I love it when people have questions about God, faith and life. Not because the answers are easy to find, but because it generally means people care. They are really thinking. I was talking with a young guy this week about questions. He said since he started "seeking" and coming to church he has had questions about the exclusivism of the Gospel (see my post here). He told me he was praying about it, reading and thinking, but was still struggling. I told him that was a good place to be! Wrestling with these issues honestly is a learning exercise. But I should have saidmore, and I intend to in a few days.

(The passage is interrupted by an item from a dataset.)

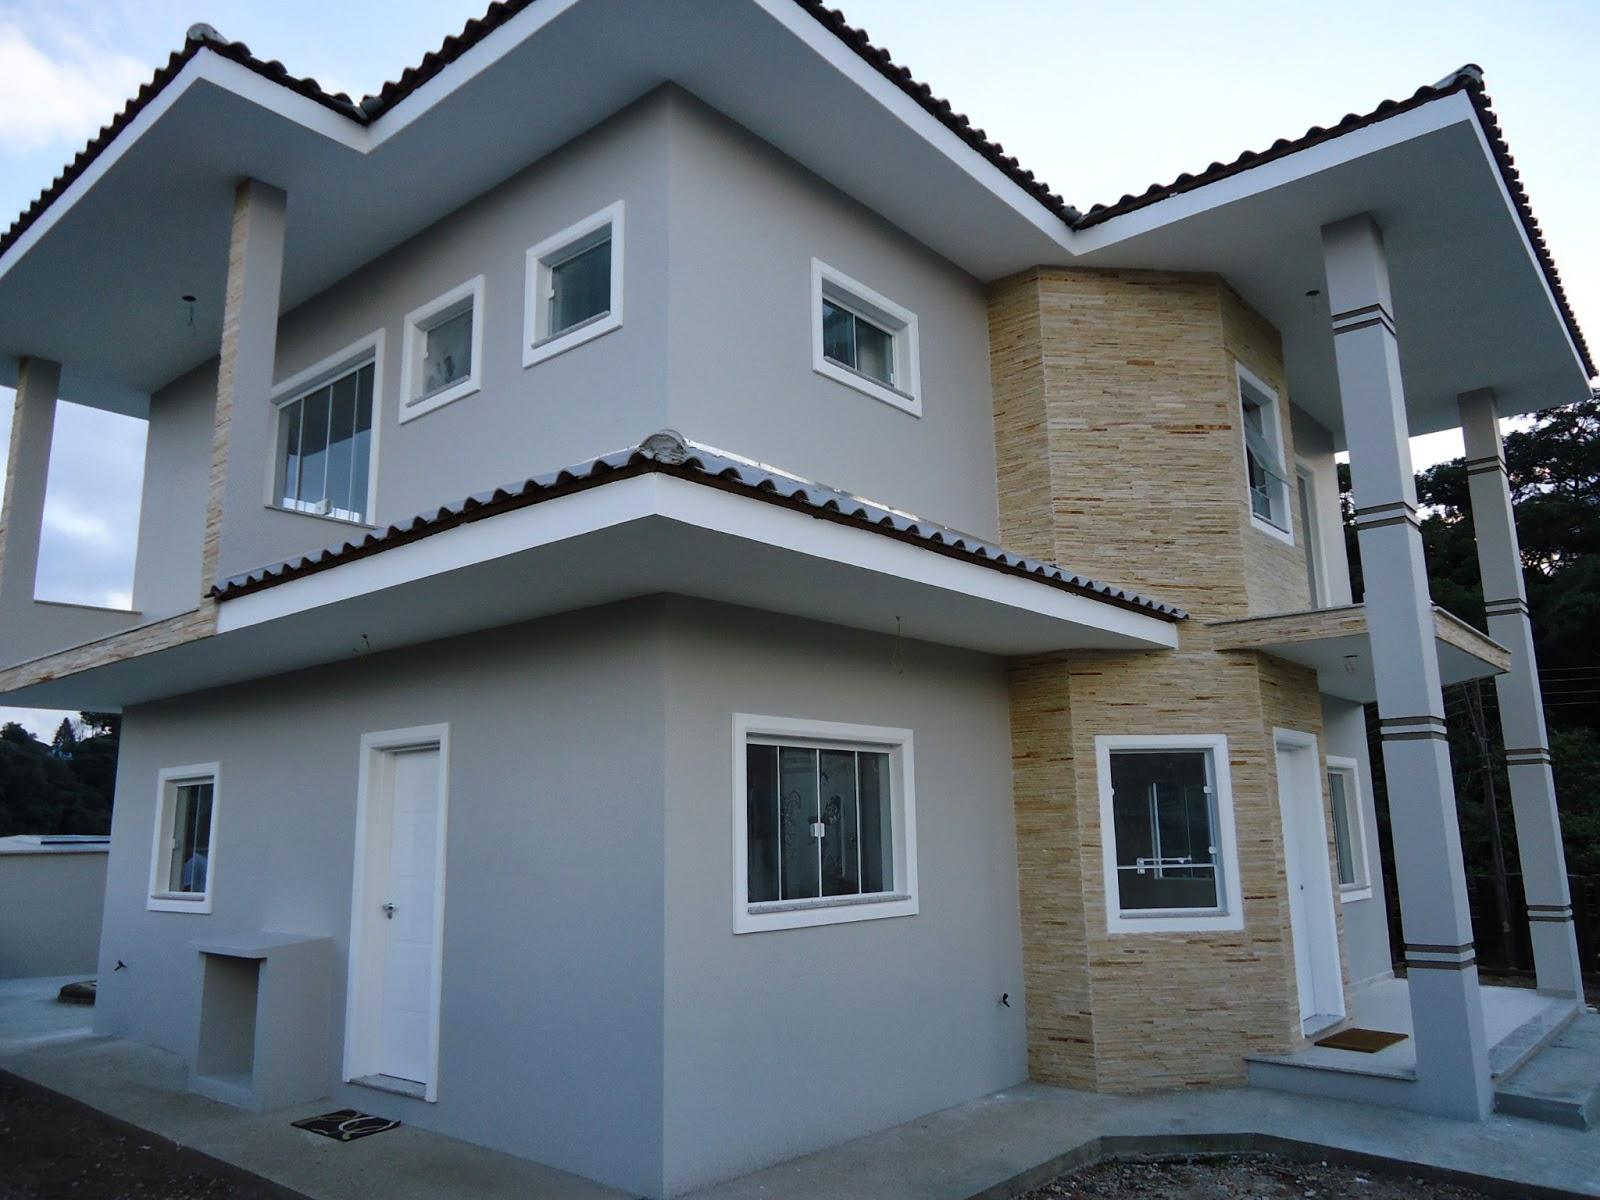 Related pictures fachadas casas infonavit dos plantas for Fachadas de casas pintadas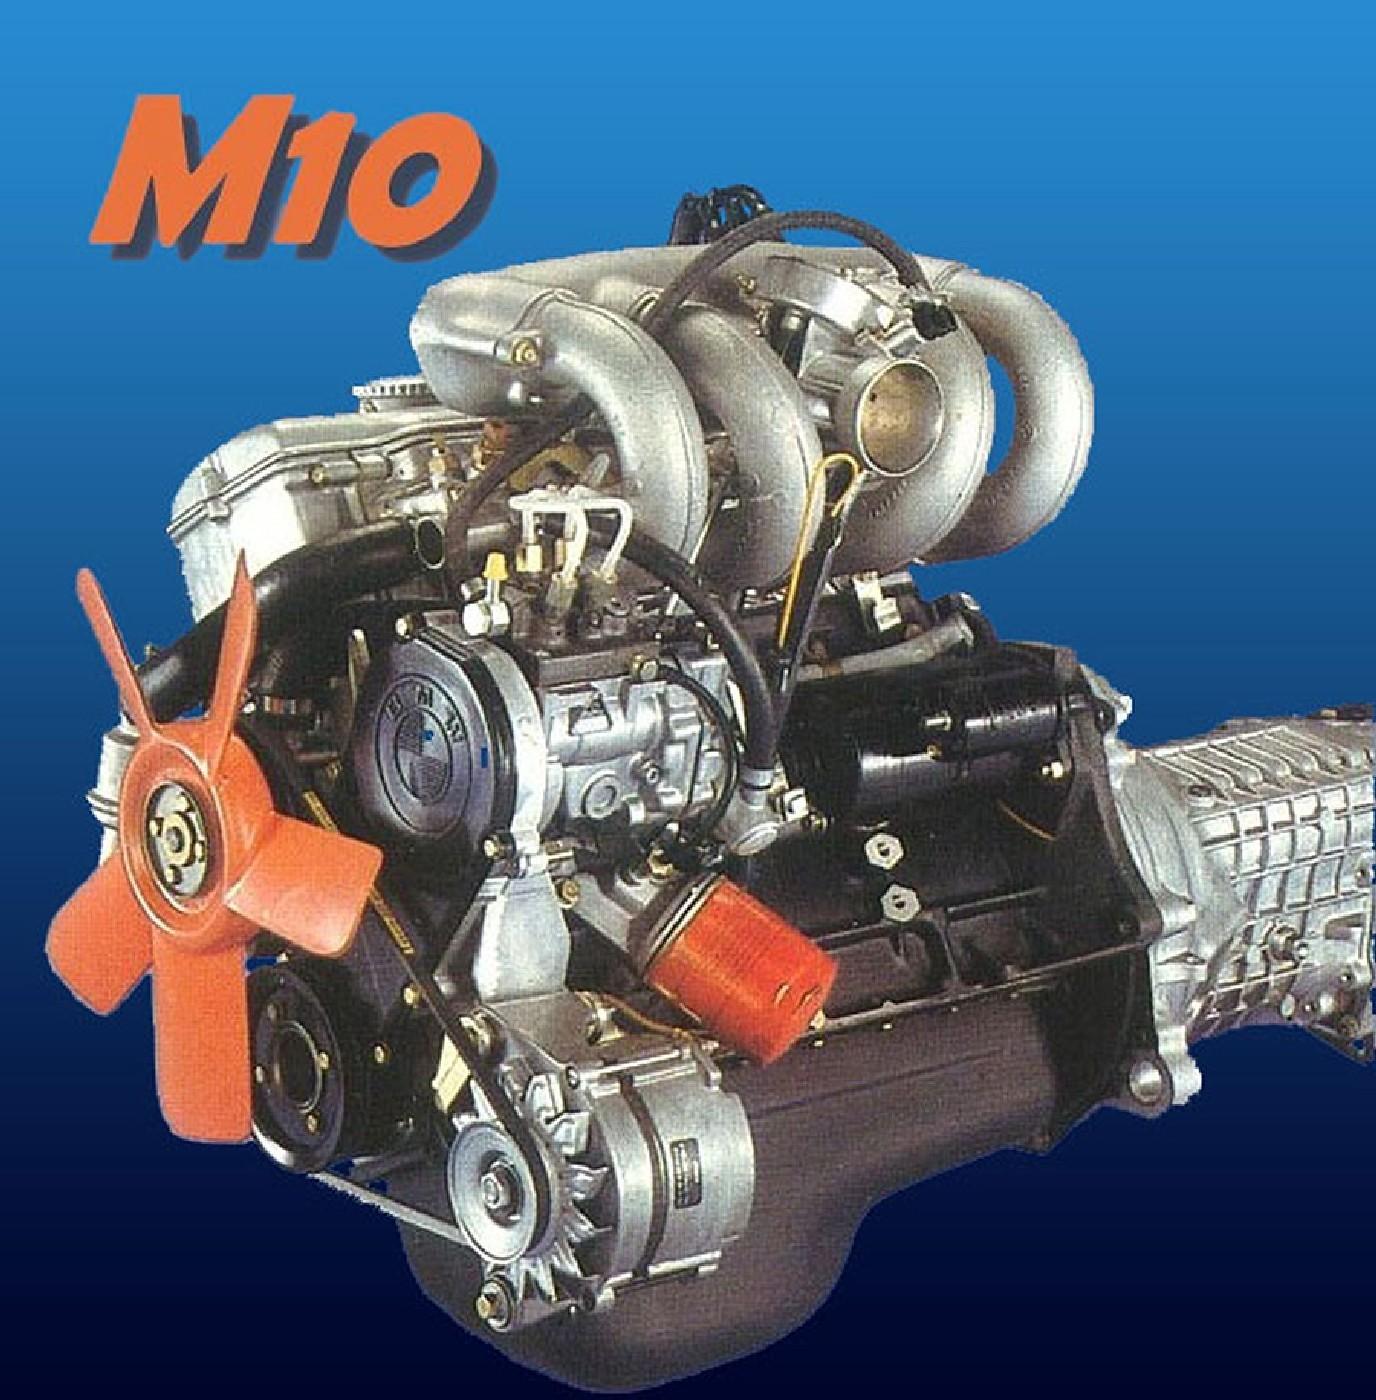 Bmw M10 Engine Diagram

I should have explained that his struggle should expand. More than wrestling with the doctrine, he should see this as a wrestling with God. Beyond questioning the Bible (scary enough for some), he should go on to question God directly. I think the church is usually afraid of such thoughts, and advice like this might sound dangerous to many. In fact it is dangerous. It can lead to more questions, but it can also lead to answers. For those truly seeking I believe it is the latter that typically is the result. But many Christians aren't encouraged to ask, question or struggle. We are told to know our lines, remember our verses. Just agree with the leaders and everything will be okay. It's as if we would rather Christians just take the word of another, benefit from another's struggle and be satisfied with that. But real growth and faith are found in the struggle. Sure it's dangerous. But at least it's real and connects a man to God, instead of a talking point. By the way, it's also biblical.
Abraham bargained (argued?) with God over the condemnation of Sodom and Gomorrah for the sake of his loved ones. Jacob wrestled with God until he received a blessing. Moses questioned God's wisdom in choosing a weak speaker like himself to be a leader. Judas, son of James, questioned Jesus about the issue of exclusivism. And Jesus Himself brought his question to the Father when he was in agony over his approaching affliction. Do you see the process? They all encountered God, had some real concerns, doubts, and questions and they unashamedly questioned him. In so doing, each of them was brought closer to God. He condescended to interact with them, to teach them.
So, questioning God is not the path of unbelief. It is not a move away from the truth. Athol Dickson wrote,
It takes more faith to ask than it takes to fear the asking. It takes faith to be ready for whatever answer comes, and faith to persevere with more questions if the answer is not understood. Asking an honest question means being ready to change in response to the answer, and short of martyrdom, change may be the ultimate act of faith.
The Gospel According to Moses (pg. 19)
"Asking is not doubting. It is trusting." he wrote. Questioning is not an act of arrogance, but is an admittance of our own ignorance. Our questions, when brought to God himself, bring us into an encounter with him. One that changes us.
To my friend who is questioning - stay at it. Keep praying, reading, thinking and struggling. Talk about it. That is part of what will make your faith real and strong.